Reputation: 1759
I have a dataset and I am reading it with a by group statement:
data TEMPDATA;
SET RAWDATA; by SYMBOL DATE;
run;
proc expand data=TEMPDATA out=GAPDATA to=day method=step;
by symbol date;
id time;
run;
However, I realized that the proc expand procedure would return an error if there is a record in the by group that has only one observation.
For example:
| Symbol | Date | Time | BB | BO | MIDPRICE |
|--------|----------|------|----|----|----------|
| AAPL | 20130102 | 2 | 2 | 3 | 2.5 |
If there is only one record of AAPL, SAS will refuse to execute the command.
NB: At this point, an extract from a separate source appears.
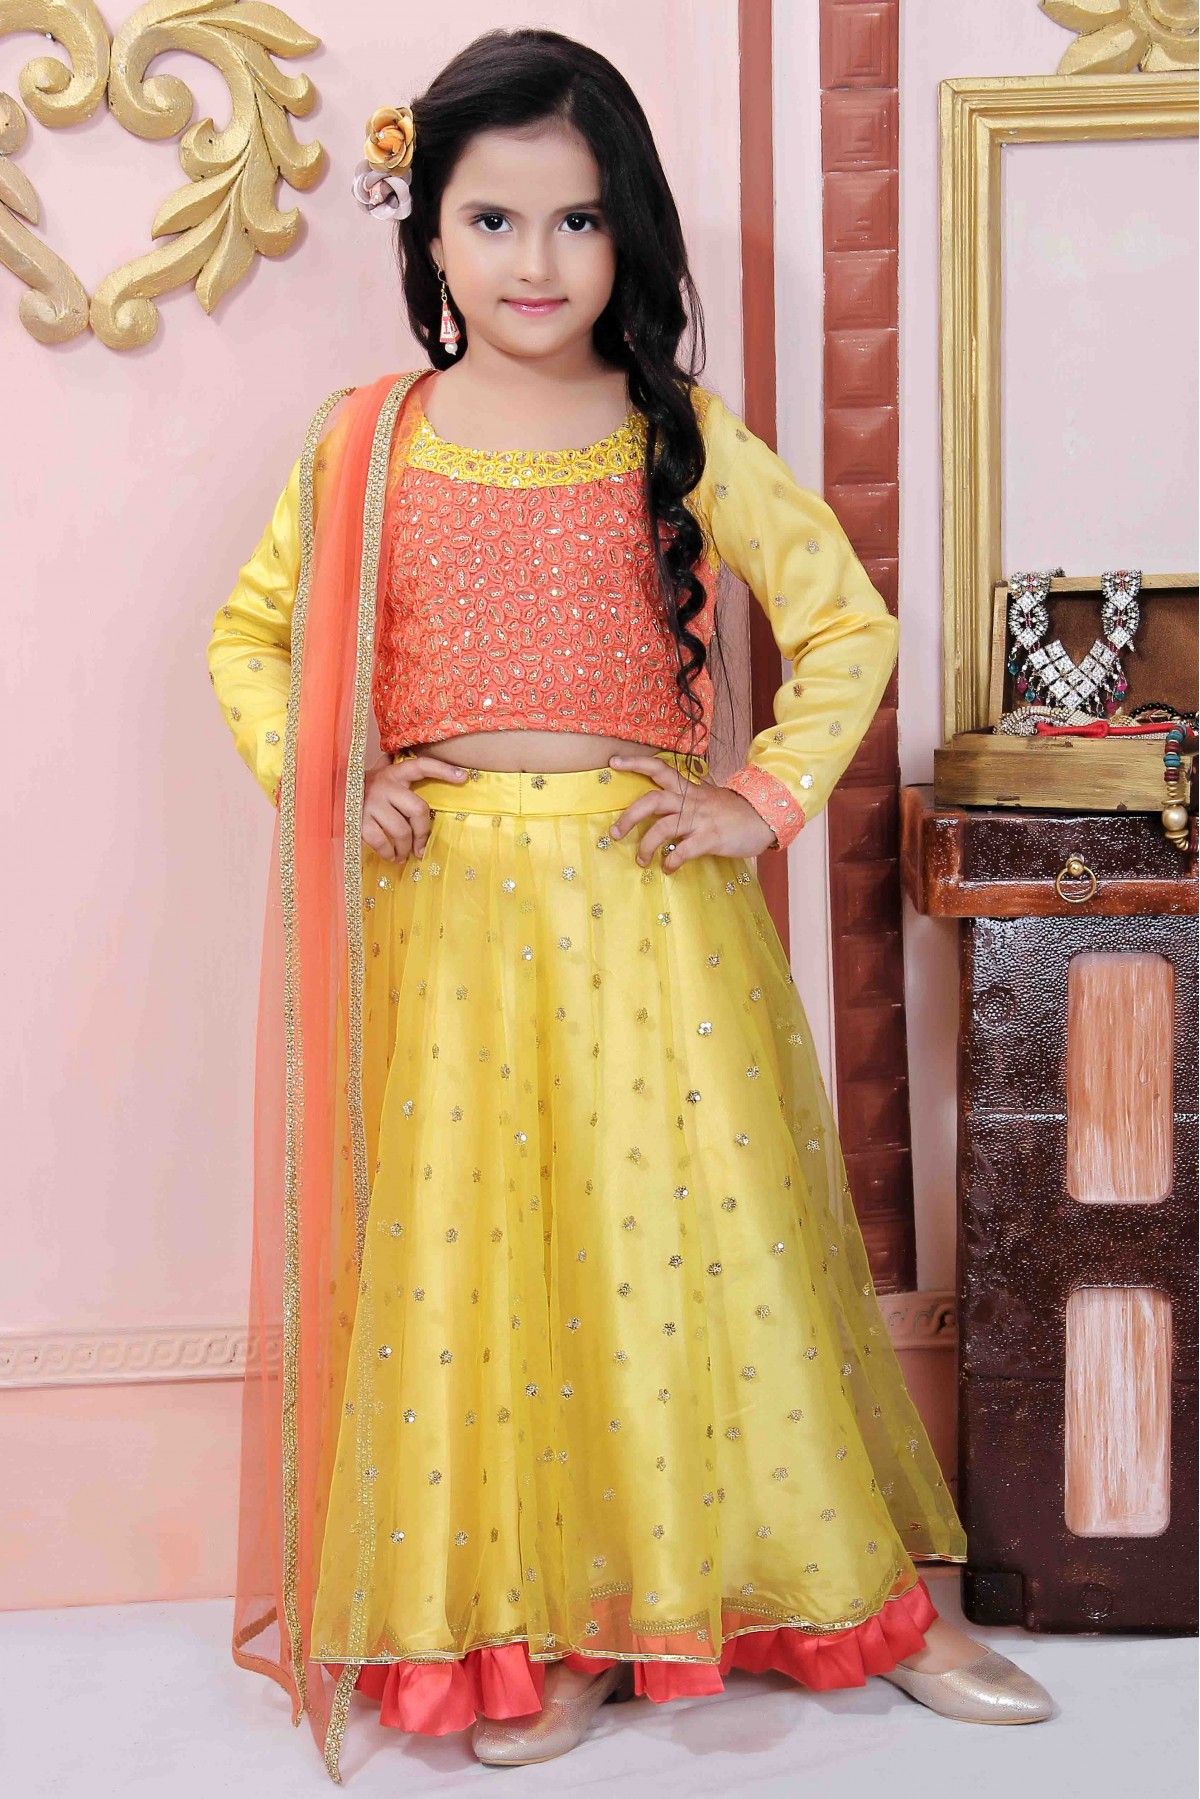 ADIVA Girl's Indian Party Wear Lehenga Choli for Kids - E-COMMERCE BUSINESS  WITH ASIA EASY WAY TO BRING PRODUCTS AMERICAN MARKETS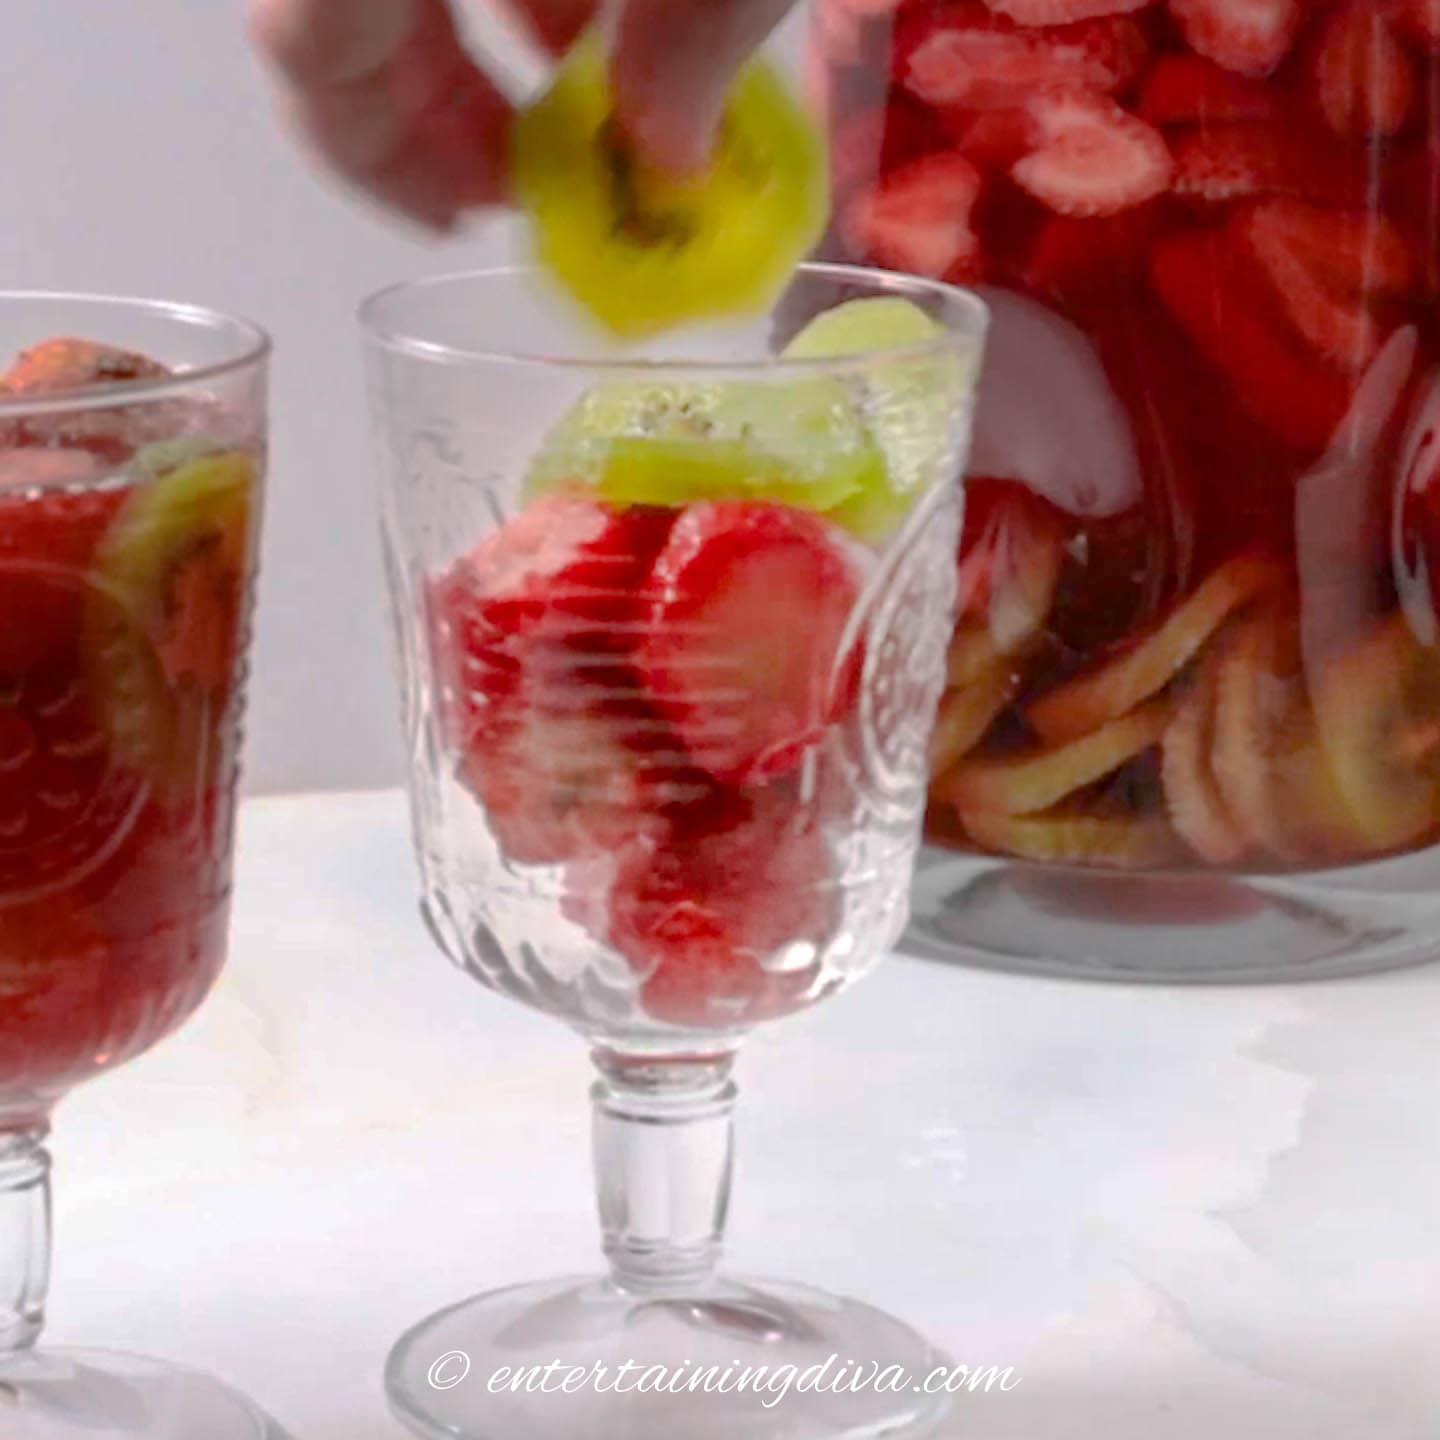 kiwis and strawberries in a glass

Therefore, I was wondering if there is a way to drop all the records, with the same symbol, that has only one record in the by group (symbol, date)?
Upvotes: 1
Views: 583
Reputation: 51566
Since you are using a data step already just add logic to delete the singletons. Any record that is both the first and last in its group indicates there is only one record in that group.
data TEMPDATA;
SET RAWDATA;
by SYMBOL DATE;
if first.date and last.date then delete;
run;
Upvotes: 4
Reputation: 1757
One nice feature in SAS PROC SQL
is that you can group by and add summary measures while retaining all detail. This makes such removal easy (and can be useful in many other contexts as well). I.e.
PROC SQL;
CREATE TABLE tempdata2 AS
SELECT *
FROM tempdata
GROUP BY symbol, date
HAVING count(*) > 1
;
QUIT;
Upvotes: 1